### [Supplied material]
+ + + + + + +
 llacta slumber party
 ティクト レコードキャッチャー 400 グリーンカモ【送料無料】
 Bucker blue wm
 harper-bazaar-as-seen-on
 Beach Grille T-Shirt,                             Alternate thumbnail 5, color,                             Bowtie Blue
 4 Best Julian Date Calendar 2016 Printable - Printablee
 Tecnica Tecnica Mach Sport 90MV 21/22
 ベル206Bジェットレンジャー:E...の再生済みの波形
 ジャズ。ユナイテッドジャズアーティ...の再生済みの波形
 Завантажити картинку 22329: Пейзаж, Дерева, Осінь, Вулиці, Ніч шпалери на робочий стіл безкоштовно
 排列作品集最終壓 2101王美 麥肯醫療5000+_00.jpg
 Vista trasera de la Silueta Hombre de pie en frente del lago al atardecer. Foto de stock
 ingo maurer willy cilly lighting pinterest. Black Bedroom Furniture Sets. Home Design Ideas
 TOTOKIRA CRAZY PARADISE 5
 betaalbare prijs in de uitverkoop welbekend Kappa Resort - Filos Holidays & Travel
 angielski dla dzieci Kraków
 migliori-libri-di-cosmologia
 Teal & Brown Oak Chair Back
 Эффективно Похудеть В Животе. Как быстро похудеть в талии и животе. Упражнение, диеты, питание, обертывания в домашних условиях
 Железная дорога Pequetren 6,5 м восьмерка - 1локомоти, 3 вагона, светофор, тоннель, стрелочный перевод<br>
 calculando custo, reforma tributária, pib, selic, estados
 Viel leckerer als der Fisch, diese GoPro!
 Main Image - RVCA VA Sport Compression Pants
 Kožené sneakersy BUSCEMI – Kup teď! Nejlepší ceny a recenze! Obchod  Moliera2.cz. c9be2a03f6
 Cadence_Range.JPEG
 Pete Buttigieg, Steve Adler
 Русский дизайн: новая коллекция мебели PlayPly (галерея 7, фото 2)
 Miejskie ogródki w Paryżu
+ + + + + + +
### [Exercise objective]
Write the lines out again exactly, beginning at the line that contains "calculando custo, reforma" and stopping only at the final line of the listing above.

### [Expected output]
 calculando custo, reforma tributária, pib, selic, estados
 Viel leckerer als der Fisch, diese GoPro!
 Main Image - RVCA VA Sport Compression Pants
 Kožené sneakersy BUSCEMI – Kup teď! Nejlepší ceny a recenze! Obchod  Moliera2.cz. c9be2a03f6
 Cadence_Range.JPEG
 Pete Buttigieg, Steve Adler
 Русский дизайн: новая коллекция мебели PlayPly (галерея 7, фото 2)
 Miejskie ogródki w Paryżu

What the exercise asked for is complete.